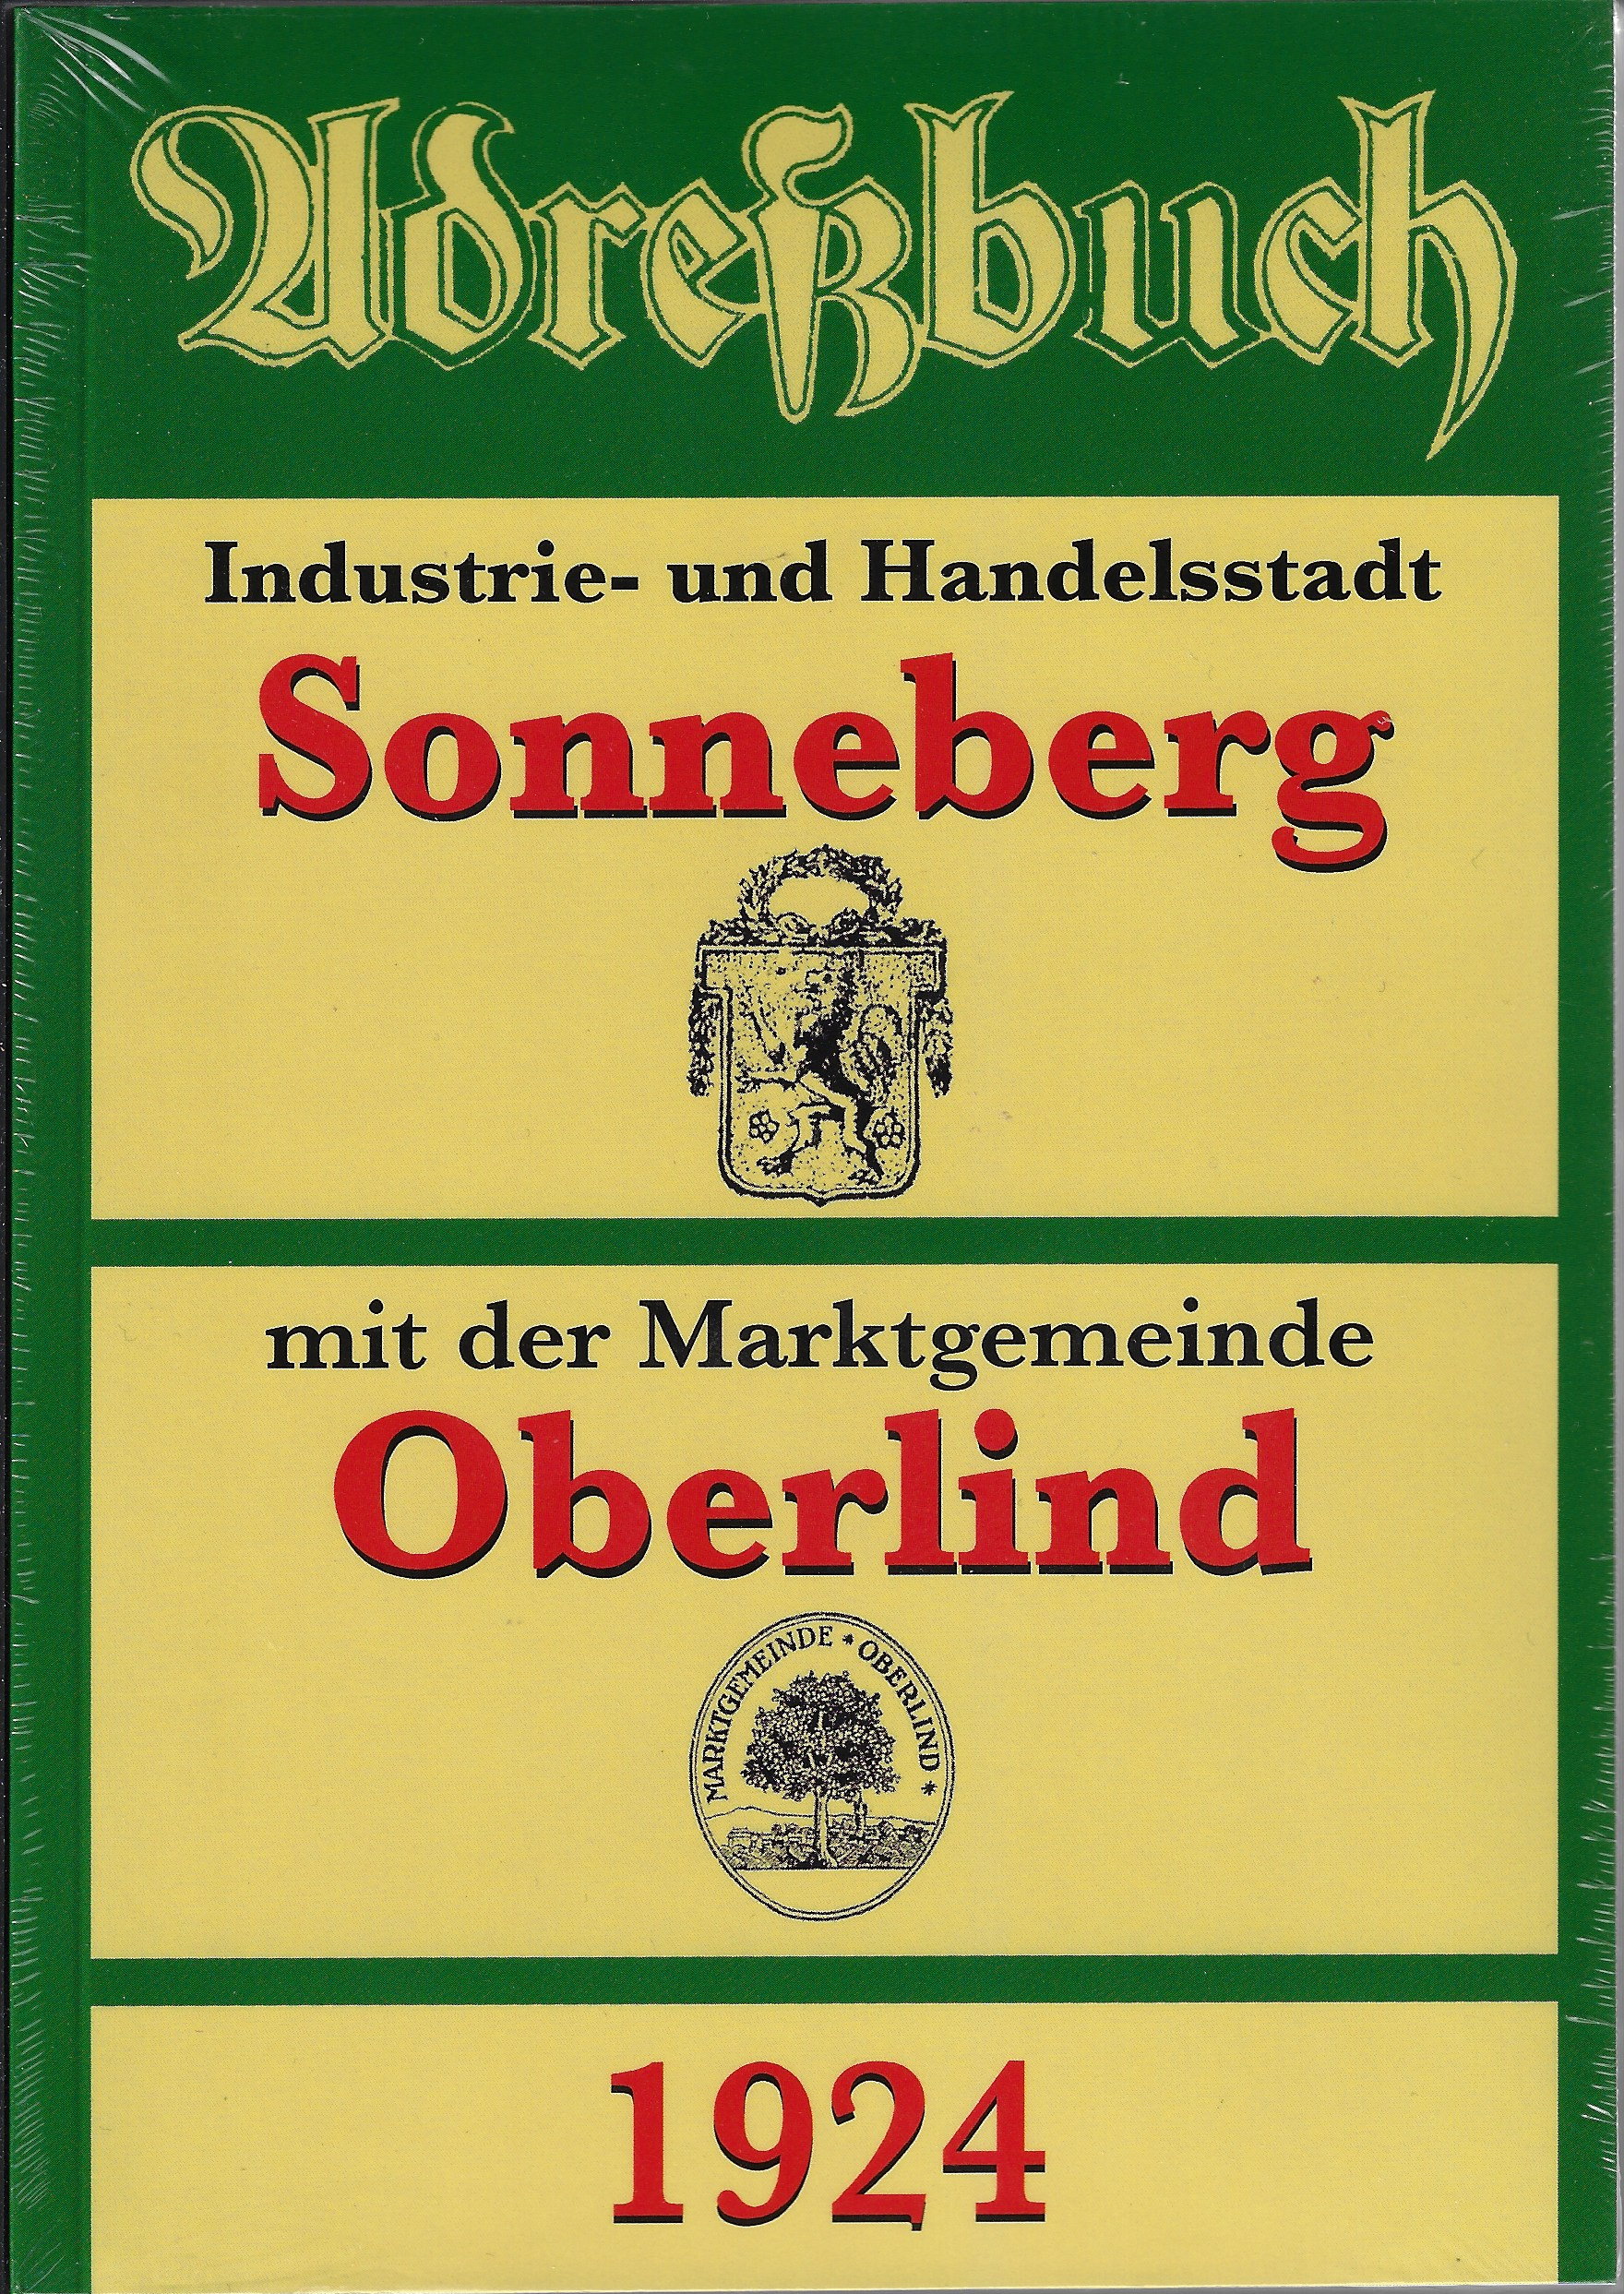 Adreßbuch Sonneberg
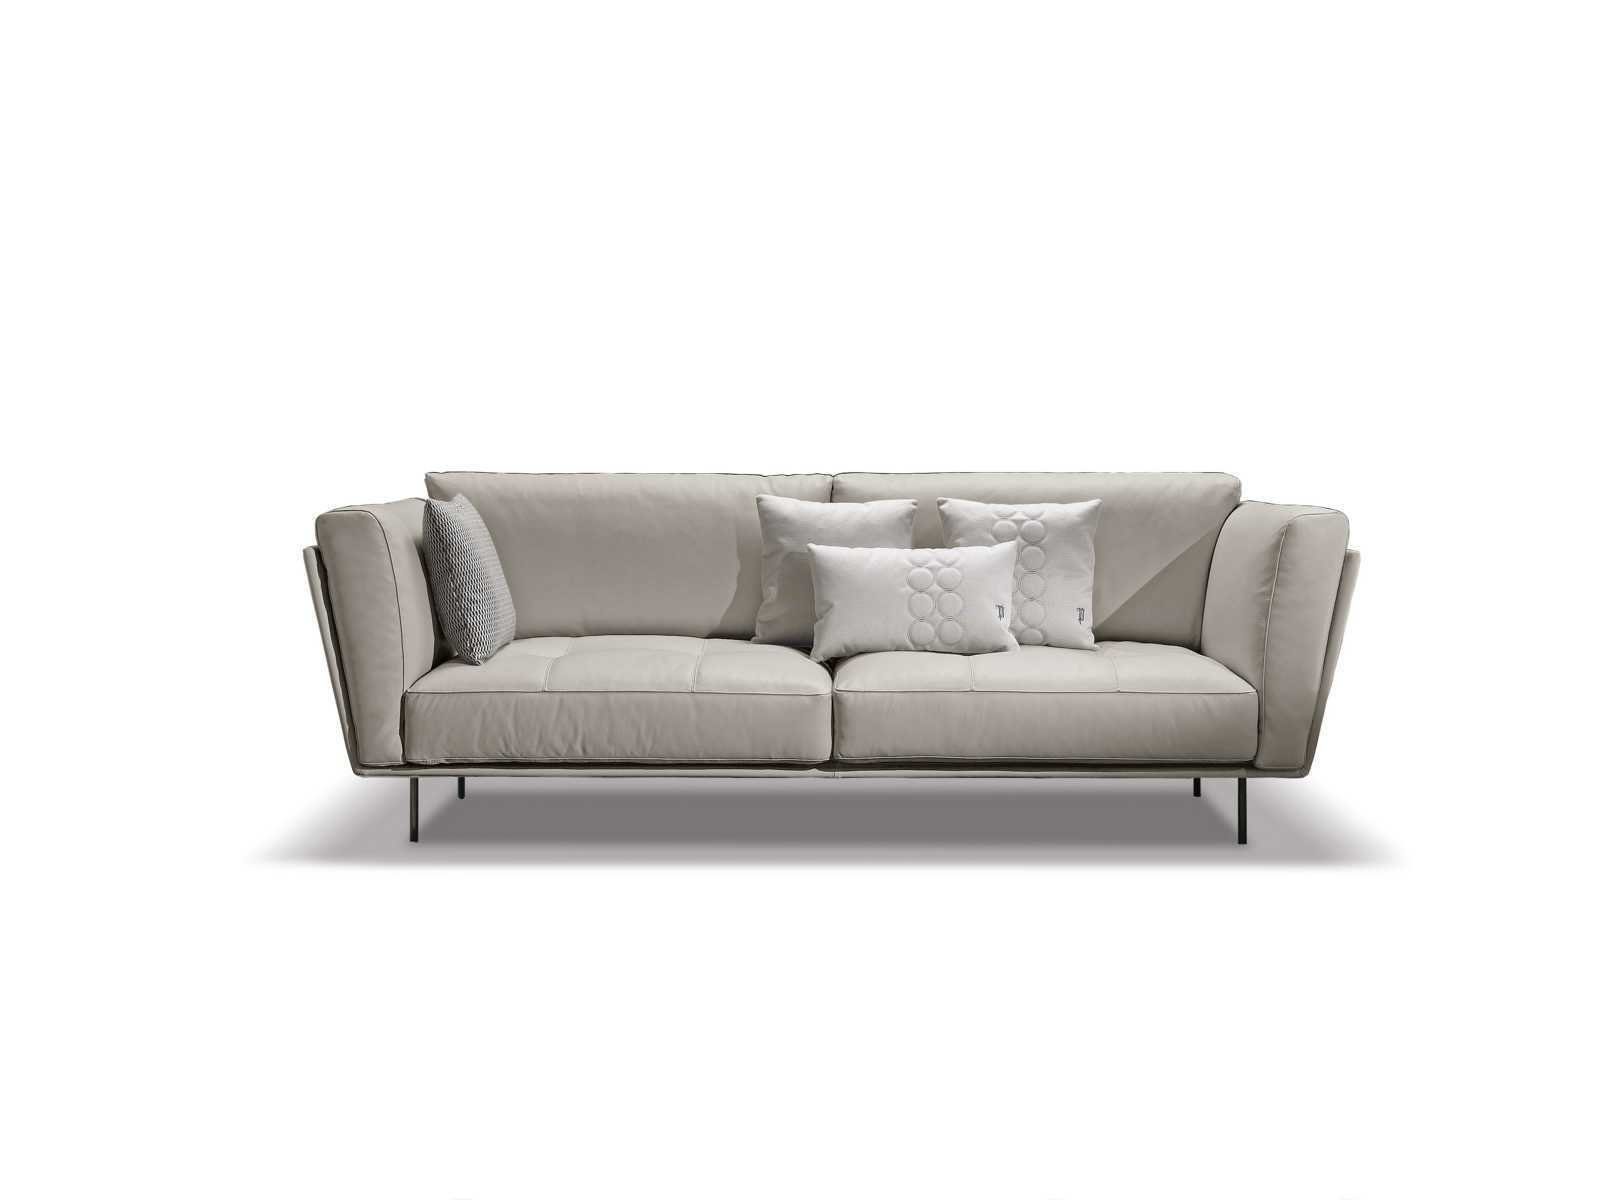 Beige, Made JVmoebel Couch Sofa Sitzer 3 Europe Modern Sofas Luxus Couches Weiß in Sofa Gepolstert Stoff
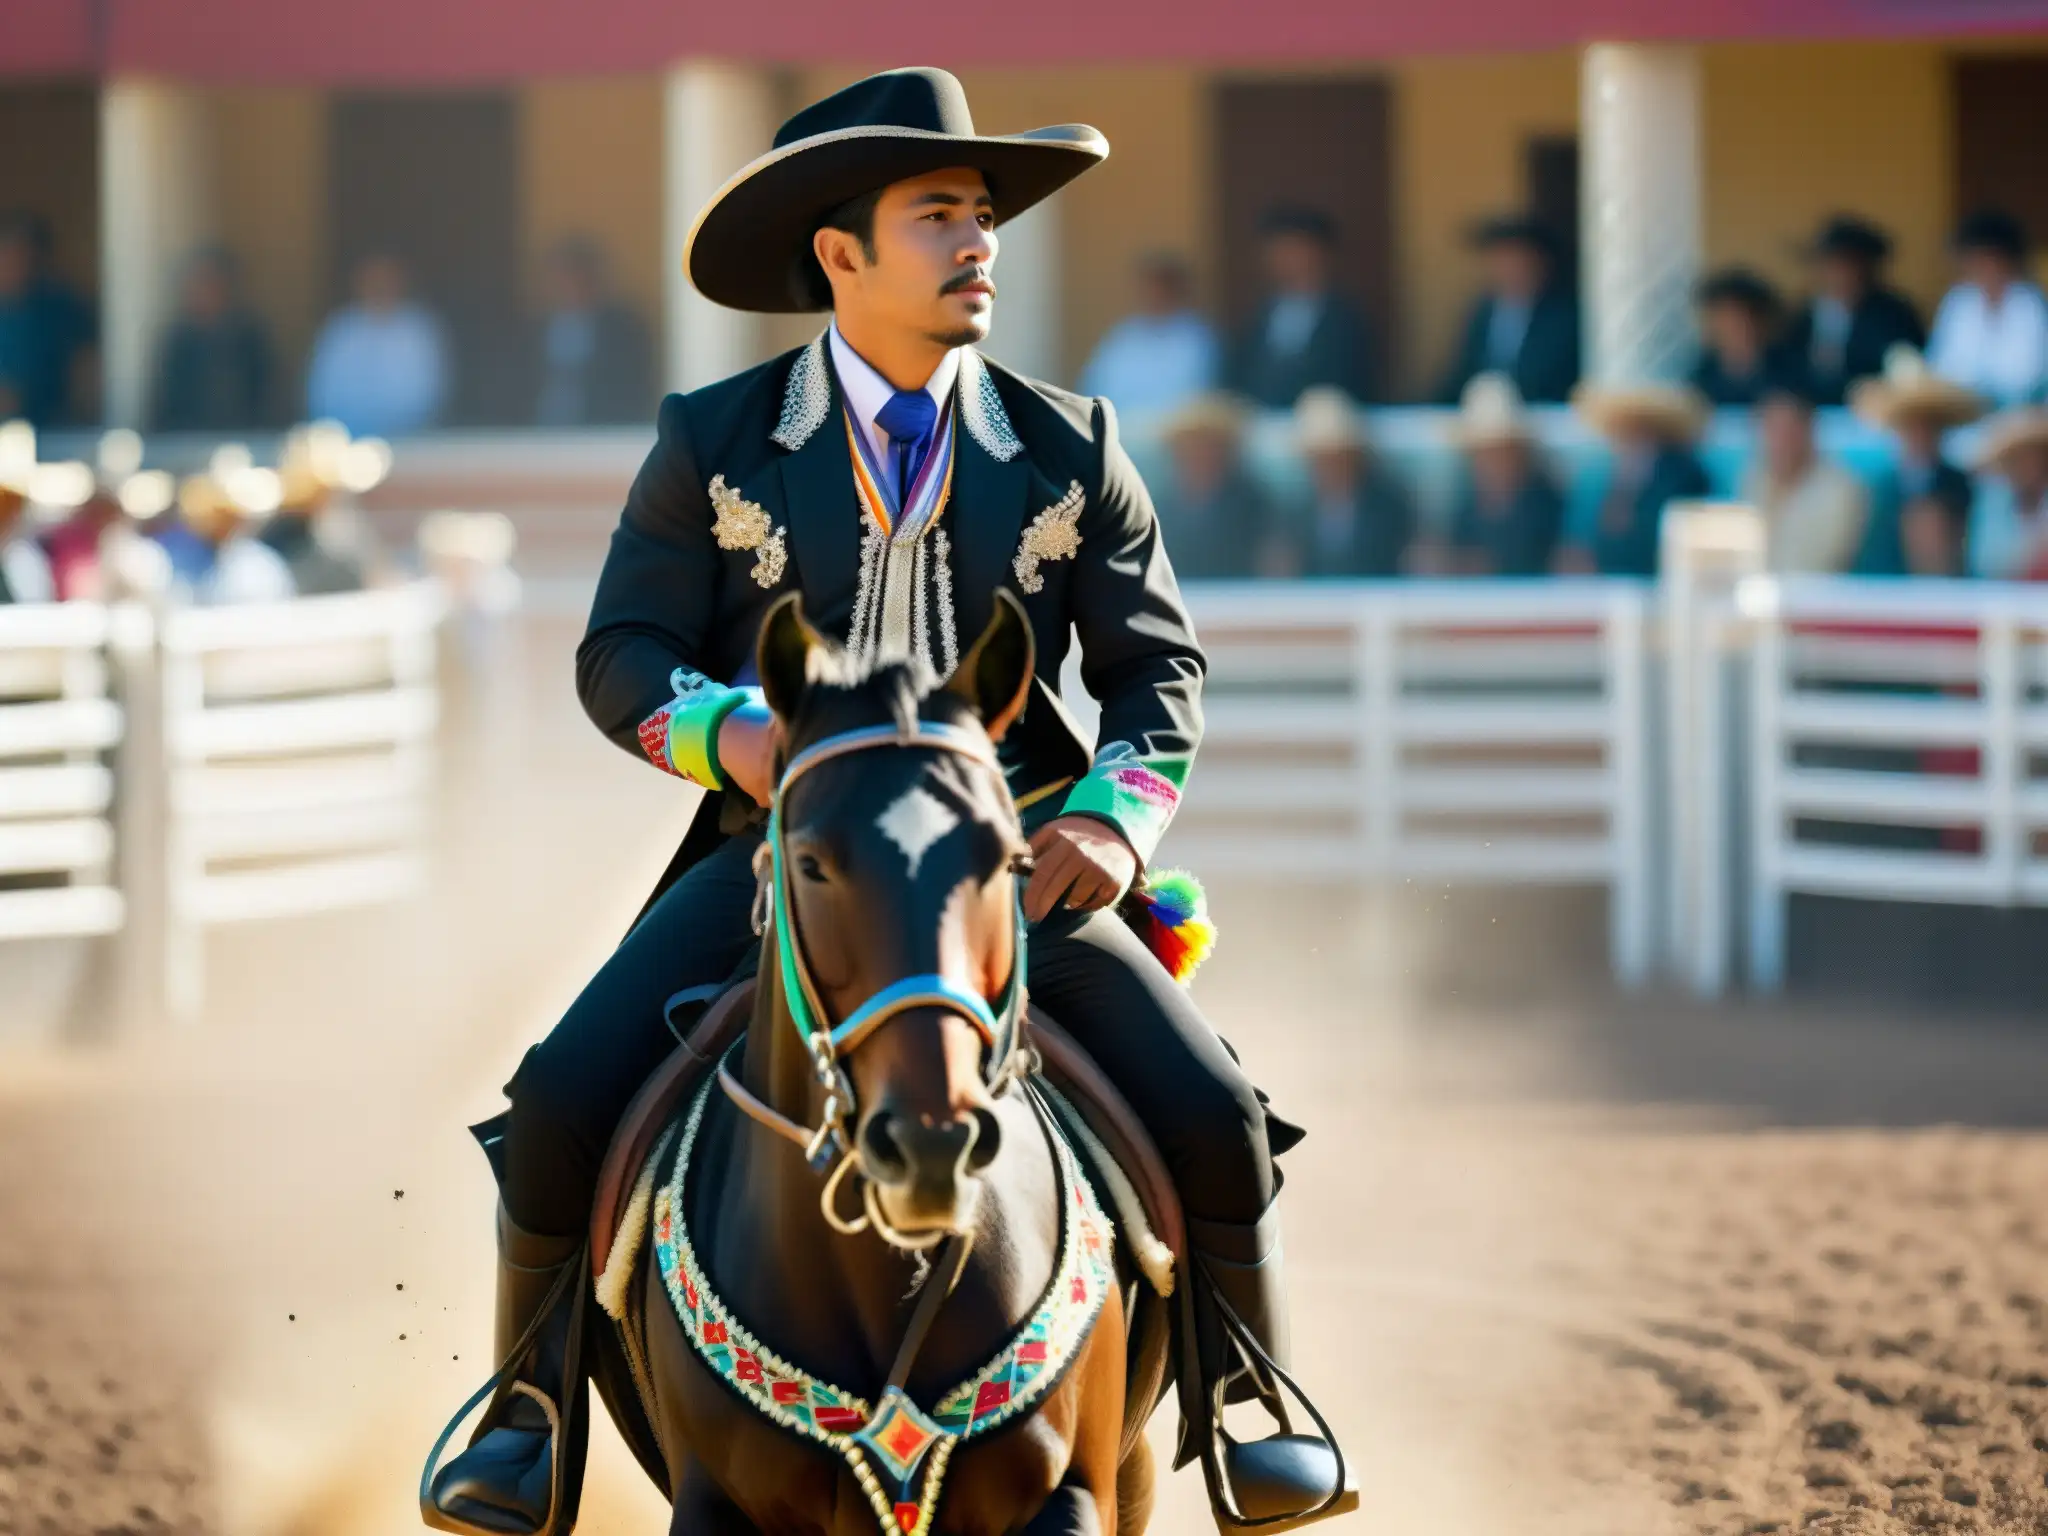 Un impresionante rodeo tradicional mexicano con un charro montando un caballo negro

· · ·

* _Try it_: Reproduce everything above exactly, images excluded.

* _Your solution_:
 Adreßbuch Sonneberg
 Beige, Made JVmoebel Couch Sofa Sitzer 3 Europe Modern Sofas Luxus Couches Weiß in Sofa Gepolstert Stoff
 Un impresionante rodeo tradicional mexicano con un charro montando un caballo negro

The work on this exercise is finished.